This repository contains an implementation of a Transformer model with a novel Switch Multi-Query Attention mechanism. This architecture is designed to efficiently handle large-scale attention tasks by routing tokens to a subset of attention experts, optimizing both computational resources and model performance.
The Switch Multi-Query Attention Transformer is an advanced neural network model that leverages a mixture-of-experts approach to improve the efficiency and scalability of attention mechanisms. It is particularly suited for tasks involving large sequences and complex attention patterns.
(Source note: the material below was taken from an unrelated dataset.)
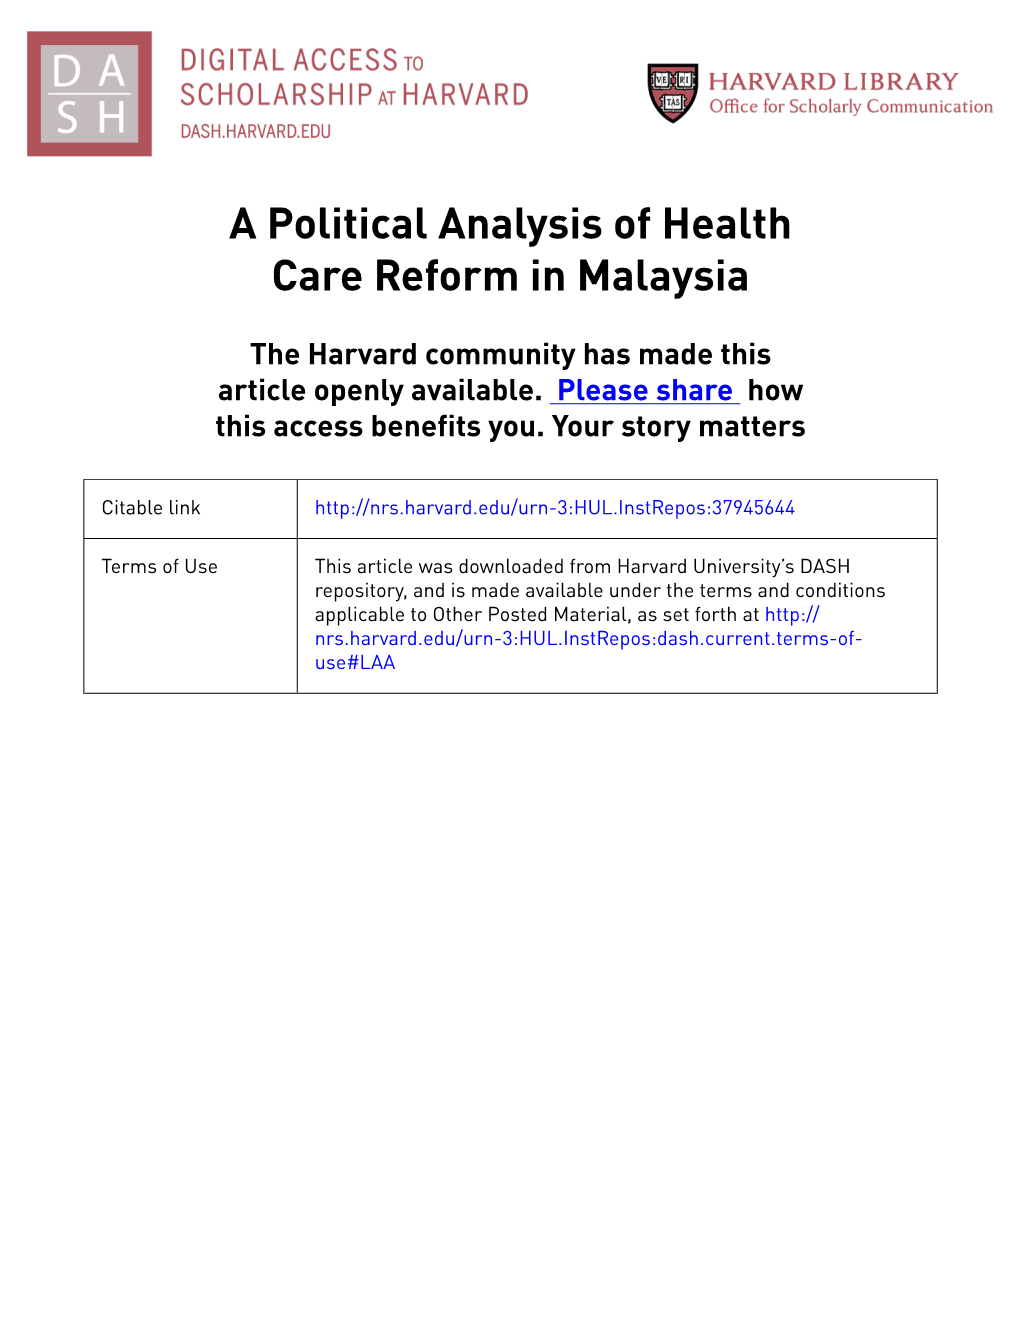 A Political Analysis of Health Care Reform in Malaysia

- Multi-Query Attention: Efficiently projects queries into multiple heads while sharing keys and values across heads.
- Switch Mechanism: Routes tokens to a subset of experts using top-k routing, optimizing resource usage.
- Load Balancing: Includes a load-balancing loss to ensure uniform token distribution across experts.
- Residual Connections and Layer Normalization: Enhances model stability and performance.
To use this model, ensure you have Python 3.7+ and PyTorch installed. You can install the necessary dependencies using:
pip install torch
To integrate the Switch Multi-Query Attention Transformer into your project, you can instantiate and use the model as follows:
import torch
from experimental.new_models.switch_attn import Transformer
# Define model parameters
vocab_size = 1000
d_model = 64
num_heads = 8
num_experts = 4
num_layers = 2
# Create a Transformer instance
transformer = Transformer(d_model=d_model, num_heads=num_heads, num_experts=num_experts, num_layers=num_layers, vocab_size=vocab_size)
# Prepare input data
x = torch.randint(0, vocab_size, (2, 16)) # Example input tokens
# Forward pass
output = transformer(x)
print(output) # Output logits
MultiQueryAttention
: Implements multi-query attention with rotary positional embeddings.SwitchMultiQueryAttention
: Routes tokens to multiple experts and computes attention with load balancing.Block
: Combines attention and feed-forward networks with residual connections.Transformer
: Full transformer model with multiple layers of attention and feed-forward blocks.
forward(x, attn_mask=None)
: Computes the forward pass of the model.
To run an example, you can use the provided script in the repository:
python examples/main.py
This script demonstrates how to initialize the model, process input data, and obtain predictions.
Contributions are welcome! Please submit a pull request or open an issue for any bugs or feature requests. Ensure that your code adheres to the project's coding standards and includes appropriate tests.
This project is licensed under the MIT License. See the LICENSE file for more details.